О, восстань!
Миоци проснулся, как обычно, до рассвета, и встретил первые лучи солнца, нараспев читая белогорский гимн Великому Уснувшему:
О, восстань!
Утешь ожидающих Тебя,
обрадуй устремляющих к Тебе взор.
Он не пропустил ни одного утра с тех пор как, еще отроком стал всерьез готовиться к посвящению Шу-эну Всесветлому. Принять посвящение Великому Уснувшему было невозможно — даже имя это редко произносилось, а именование всегда сопровождал благоговейный жест — правая ладонь воздевалась к небу. И Аирэи принял посвящение Всесветлому, став Искателем Уснувшего. Шу-эн, солнце, считался главным знамением Великого Уснувшего — Того, кто сотворил мир и тихо покинул его, оставив Свое творение на откуп нетворившим его богам и богиням, храмы и башни которых были рассыпаны по всей земле.

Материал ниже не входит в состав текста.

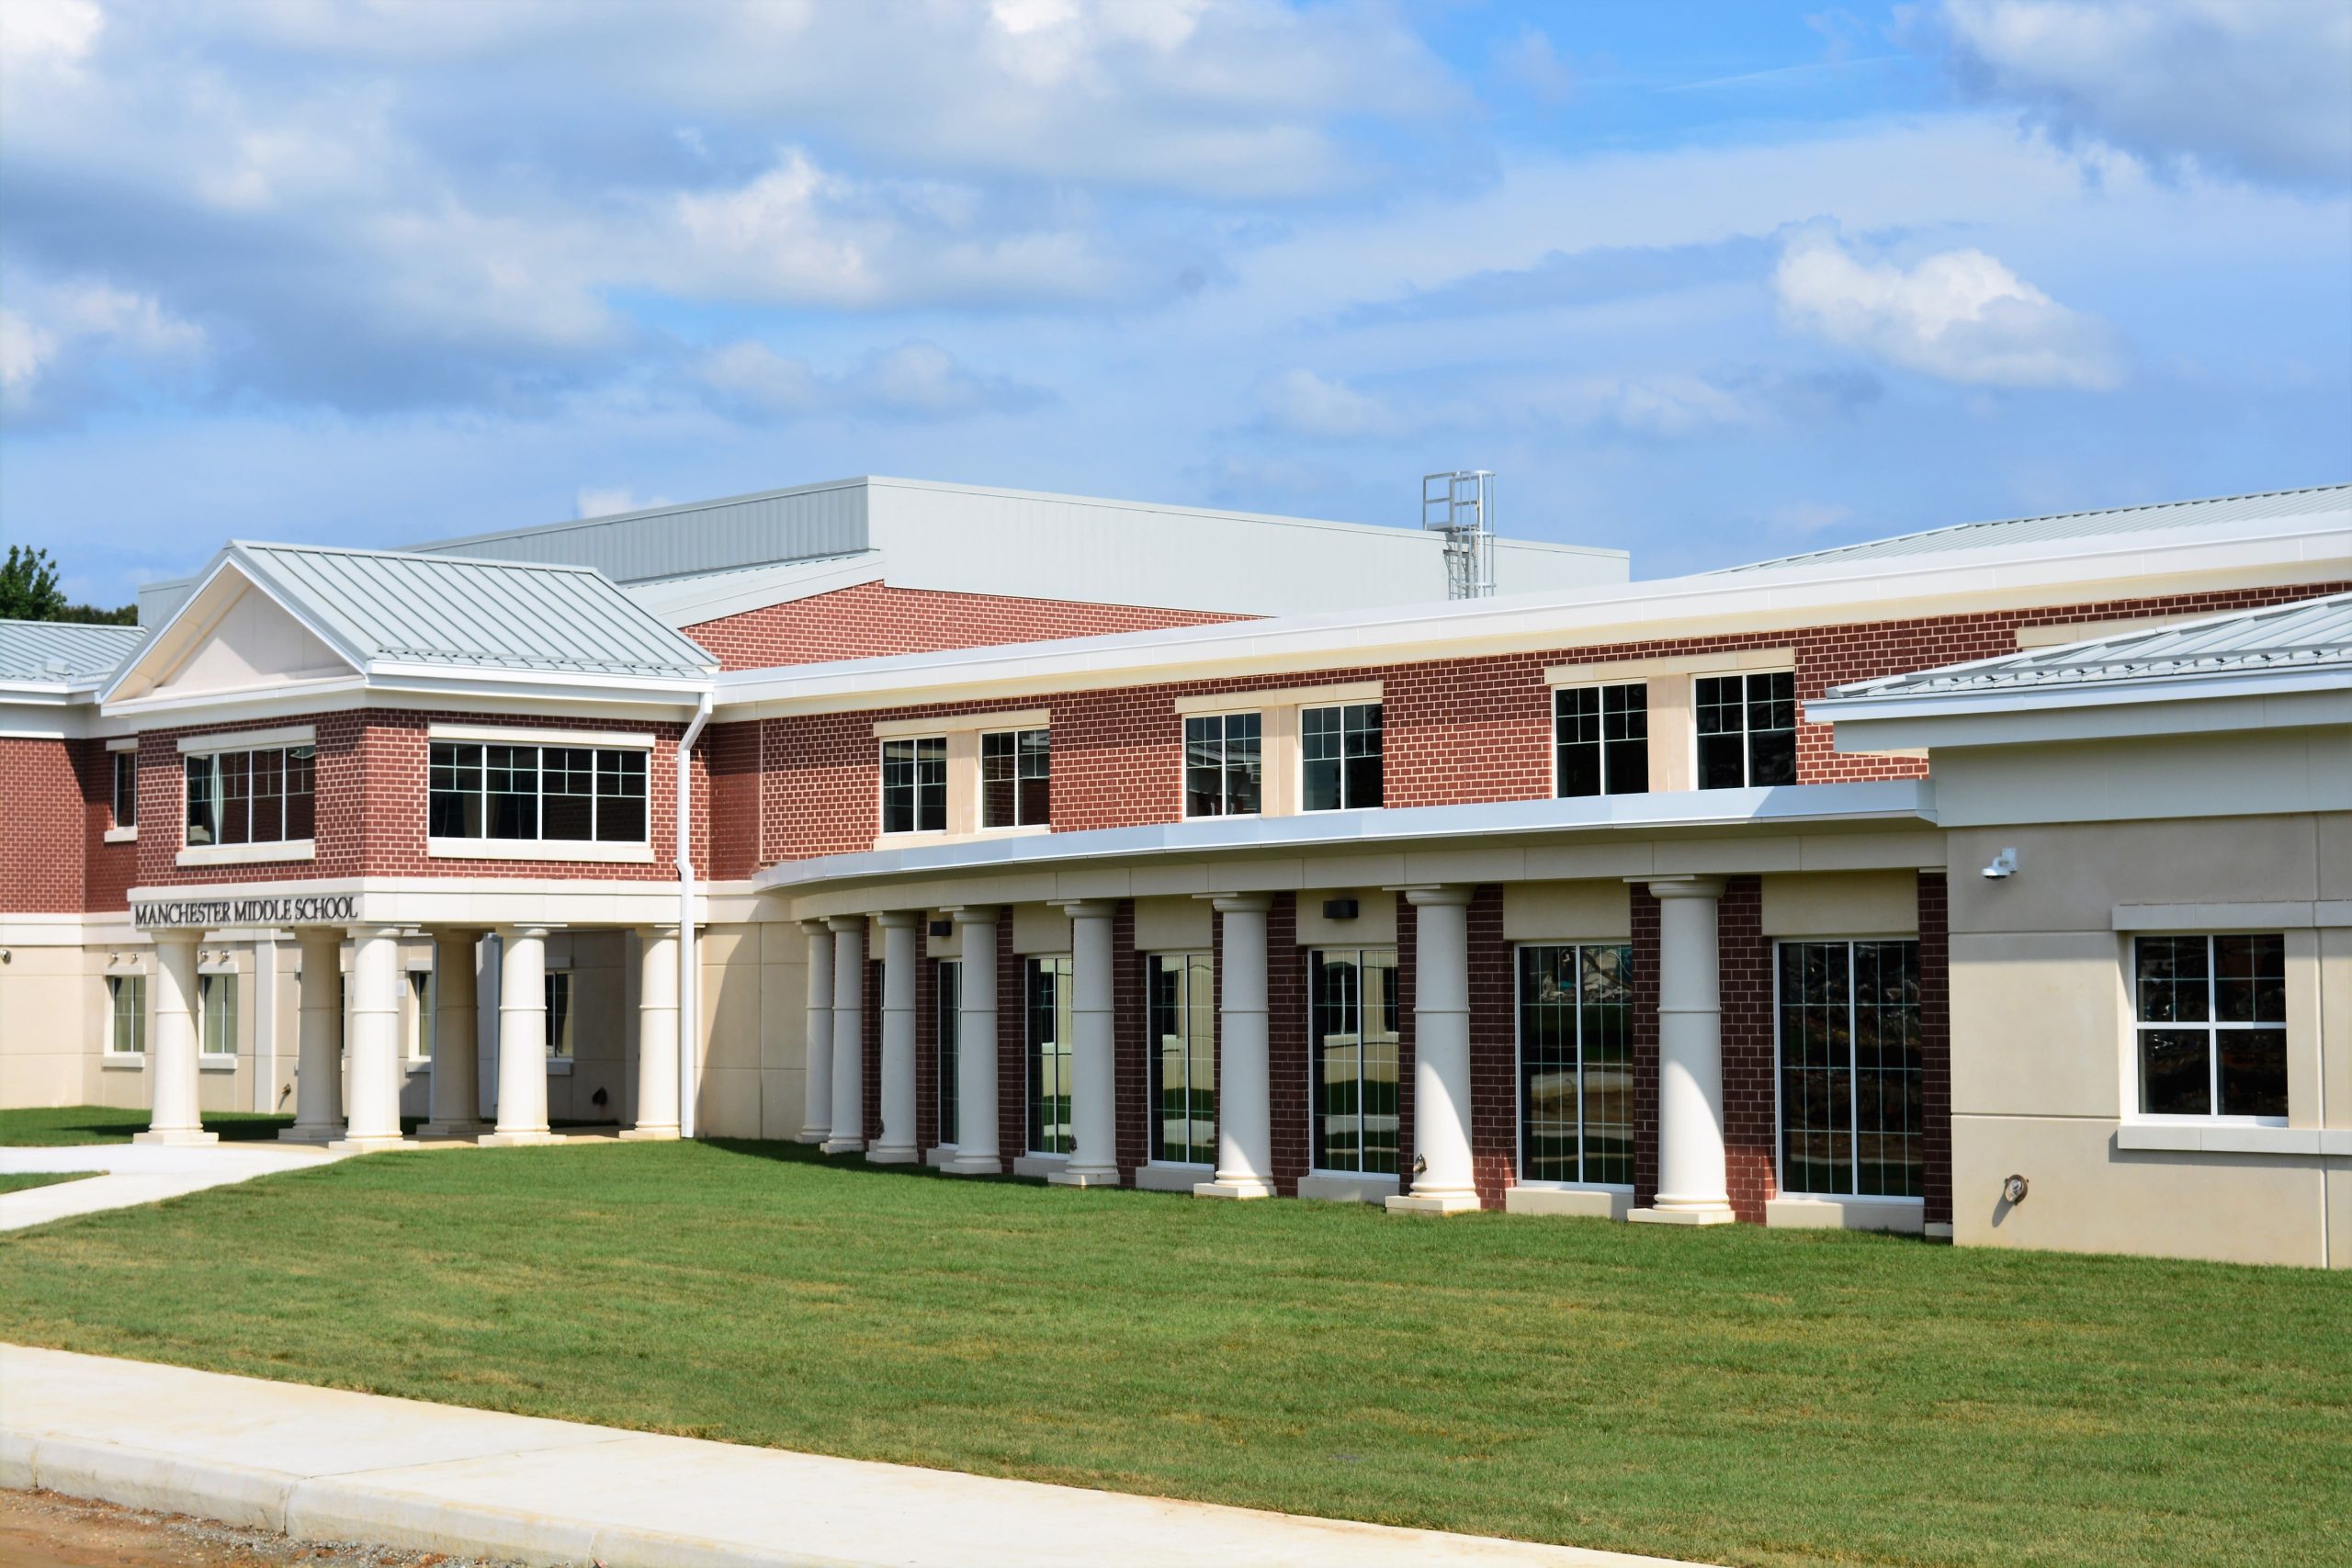 An exterior view of a public school constructed using precast concrete wall panels.

Но были в Белых Горах мудрецы, говорившие, что Великий Уснувший уснул не навеки, что не случайно Он оставил знамение в виде сияющего солнечного диска, исчезающего за горизонтом и вновь оживающего утром. «Почитая видимый диск солнца, Шу-эна Всесветлого — мы поклоняемся невидимому Творцу мира» — говорили они. Были и такие странствуюшие эзэты, которые стремились разбудить Великого Уснувшего. Они проводили всю жизнь в странствиях, голодали, спали на голой земле, нередко становились добычей диких зверей или жертвой разбойников. Распевая поочередно гимны весь день, они ватагами ходили по дорогам и их голоса и трещотки из конских черепов не умолкали никогда — они сменяли друг друга, так, чтобы их радения длились, не прекращаясь, круглые сутки, год за годом…

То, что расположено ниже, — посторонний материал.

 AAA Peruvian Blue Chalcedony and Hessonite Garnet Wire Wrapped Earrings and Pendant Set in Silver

Миоци подошел к статуе Царицы Неба. В чистых рассветных лучах она казалась ему еще прекраснее. Тонкие и скорбные черты лица Царицы Неба — скорее ее следовало назвать «царевна» — напоминали девушек соэтамо, маленького народа на островах Соиэнау, с которым когда-то зверски расправился Нэшиа. Она не прижимала свое чадо к себе, но держала перед собой, — так, чтобы младенец видел всех, кто подходит к лодке. Он простирал руки в стороны, словно в благословляющем жесте. Кисть правой руки была отбита.
— Тебе, я вижу, и в самом деле понравилась их семейная реликвия? — спросил подошедший Иэ. — Видишь, в краю соэтамо даже лодки строят по другому, чем в здешних местах, — корма выглядит совсем иначе. Это даже на статуе заметно.

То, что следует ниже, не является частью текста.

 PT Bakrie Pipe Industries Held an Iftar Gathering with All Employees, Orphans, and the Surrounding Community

— Она, кажется, повреждена?
— Ее прятали при Нэшиа, насколько мне известно. Тогда она и повредилась, наверное… Сейчас соэтамо осталось так мало, что никто всерьез не интересуется их священными статуями. Но я попрошу тебя не рассказывать об этой семейной реликвии Игэа никому. Он и так в черном списке Нилшоцэа.
— Если ты того желаешь, учитель Иэ, — это для меня закон.
И они сели играть в шашки, как часто делали, чтобы за игрой поговорить и помолчать рядом. Иэ играл легко, словно не задумываясь, а его ученик — медленно и сосредоточенно, точно размышляя над чем-то, не относящимся к игре.
— Вот так и боги играют с людьми, — наконец вслух подумал Миоци
— Великий Уснувший не позволяет им этого, — произнес Иэ.
— Великий Уснувший?- Миоци вскинул ладонь к небу. — Он спит, ло-Иэ, Он не вмешивается в дела богов и людей. О, если бы Он восстал!
— «Не думай, что Великий Уснувший спит воистину, но этим показуется, что найти и ощутить Его невозможно, если он сам того не возжелает. Ибо сон Его — не ecть обычный сон смертных, а образ, используемый для выражения Его недосягаемости силами сотворенных Им». — процитировал Иэ по памяти.
— Откуда это?
— Ты не знаешь этого, о Искатель Уснувшего, белогорец ли-шо-Миоци? – печально глядя на него, спросил Иэ.
— Нет, не знаю, — отбросил резким движением светлые волосы со лба его ученик. – Ты впервые говоришь мне об этом изречении. Так откуда оно?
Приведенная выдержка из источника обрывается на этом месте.